System configuration images are similar but operate on directories
containing system or service configuration.
On nearly all modern distributions mount propagation plays a crucial
role and the rootfs of the OS is a shared mount in a peer group (usually
with peer group id 1):
TARGET SOURCE FSTYPE PROPAGATION MNT_ID PARENT_ID
/ / ext4 shared:1 29 1
On such systems all services and containers run in a separate mount
namespace and are pivot_root()ed into their rootfs. A separate mount
namespace is almost always used as it is the minimal isolation mechanism
services have. But usually they are even much more isolated up to the
point where they almost become indistinguishable from containers.

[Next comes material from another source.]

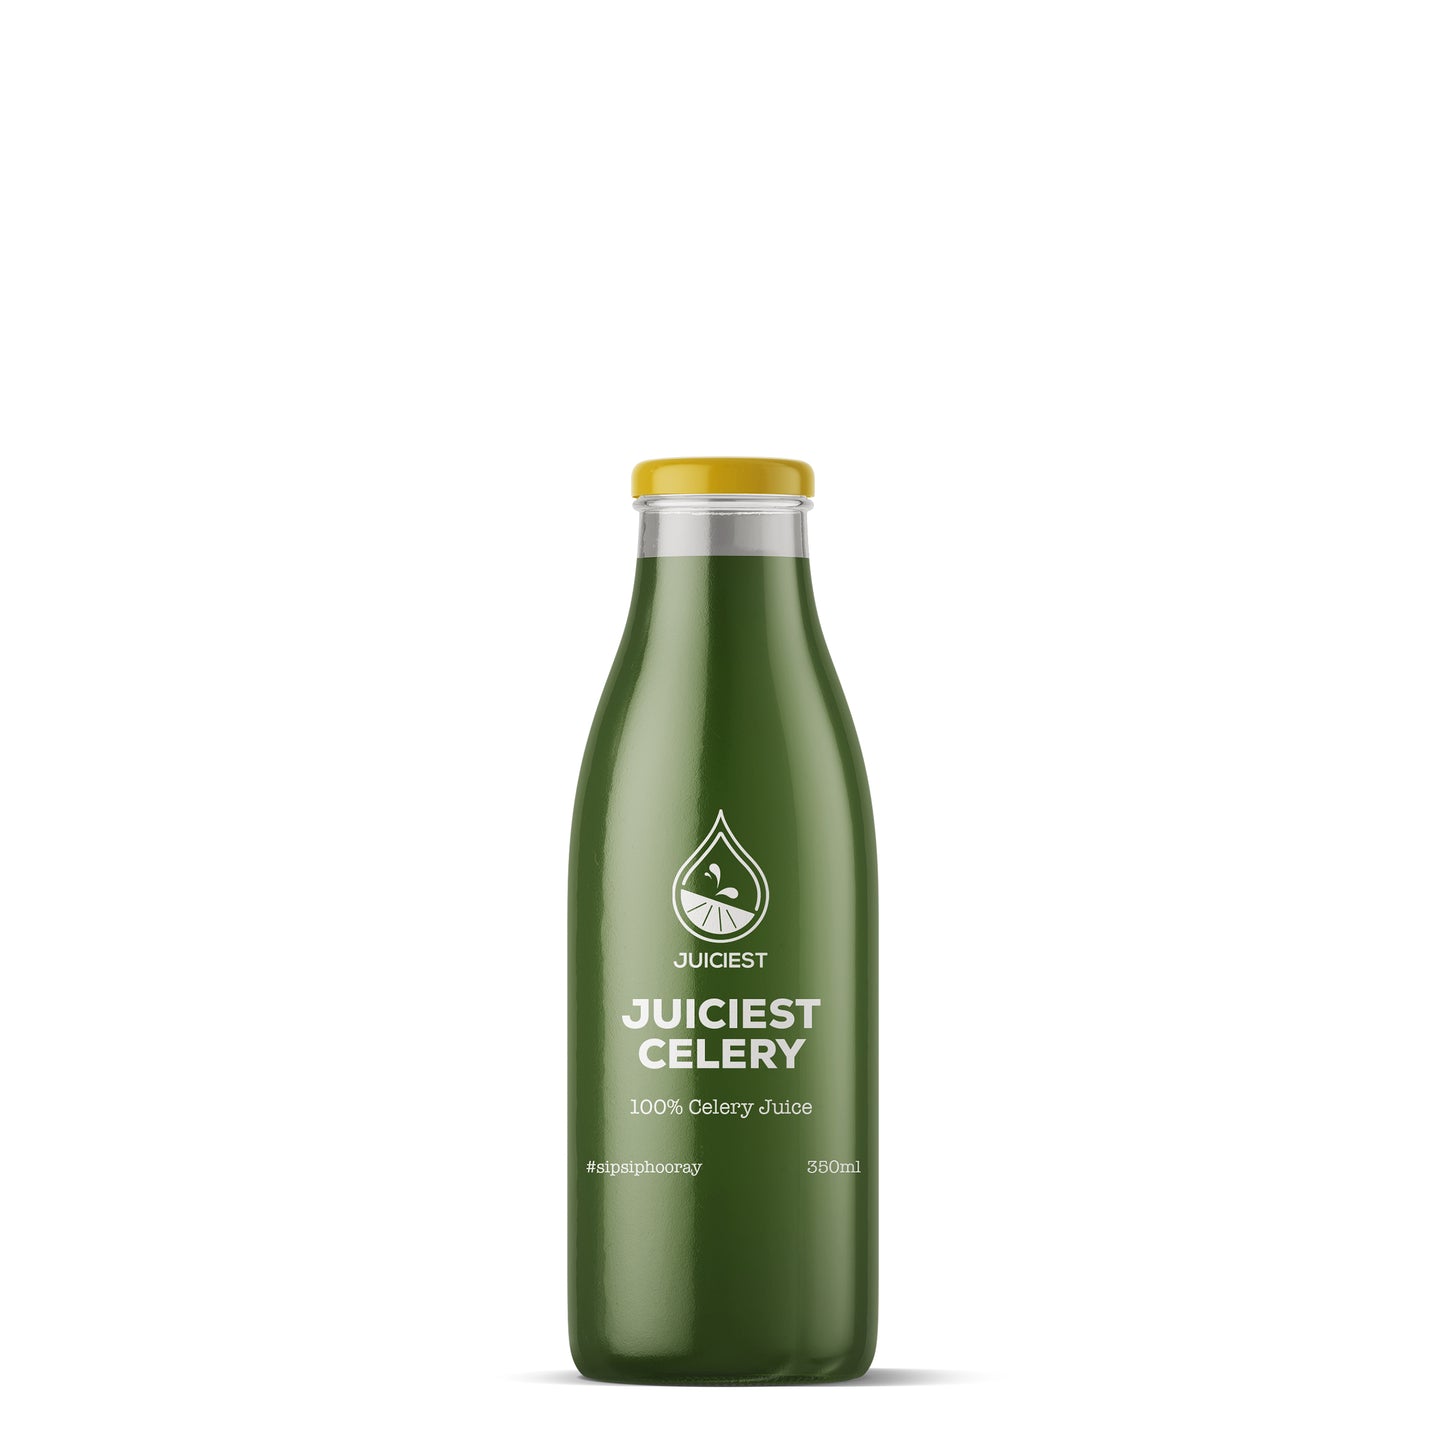 Juiciest Celery 350ml bottle

Mount propagation again plays a crucial role here. The rootfs of all
these services is a slave mount to the peer group of the host rootfs.
This is done so the service will receive mount propagation events from
the host when certain files or directories are updated.
In addition, the rootfs of each service, container, and sandbox is also
a shared mount in its separate peer group:
TARGET SOURCE FSTYPE PROPAGATION MNT_ID PARENT_ID
/ / ext4 shared:24 master:1 71 47
For people not too familiar with mount propagation, the master:1 means
that this is a slave mount to peer group 1. Which as one can see is the
host rootfs as indicated by shared:1 above. The shared:24 indicates that
the service rootfs is a shared mount in a separate peer group with peer
group id 24.
A service may run other services. Such nested services will also have a
rootfs mount that is a slave to the peer group of the outer service
rootfs mount.
For containers things are just slighly different. A container's rootfs
isn't a slave to the service's or host rootfs' peer group. The rootfs
mount of a container is simply a shared mount in its own peer group:
TARGET SOURCE FSTYPE PROPAGATION MNT_ID PARENT_ID
/home/ubuntu/debian-tree / ext4 shared:99 61 60
So whereas services are isolated OS components a container is treated
like a separate world and mount propagation into it is restricted to a
single well known mount that is a slave to the peer group of the shared
mount /run on the host:
TARGET SOURCE FSTYPE PROPAGATION MNT_ID PARENT_ID
/propagate/debian-tree /run/host/incoming tmpfs master:5 71 68
Here, the master:5 indicates that this mount is a slave to the peer
group with peer group id 5. This allows to propagate mounts into the
container and served as a workaround for not being able to insert mounts
into mount namespaces directly. But the new mount api does support
inserting mounts directly. For the interested reader the blogpost in [2]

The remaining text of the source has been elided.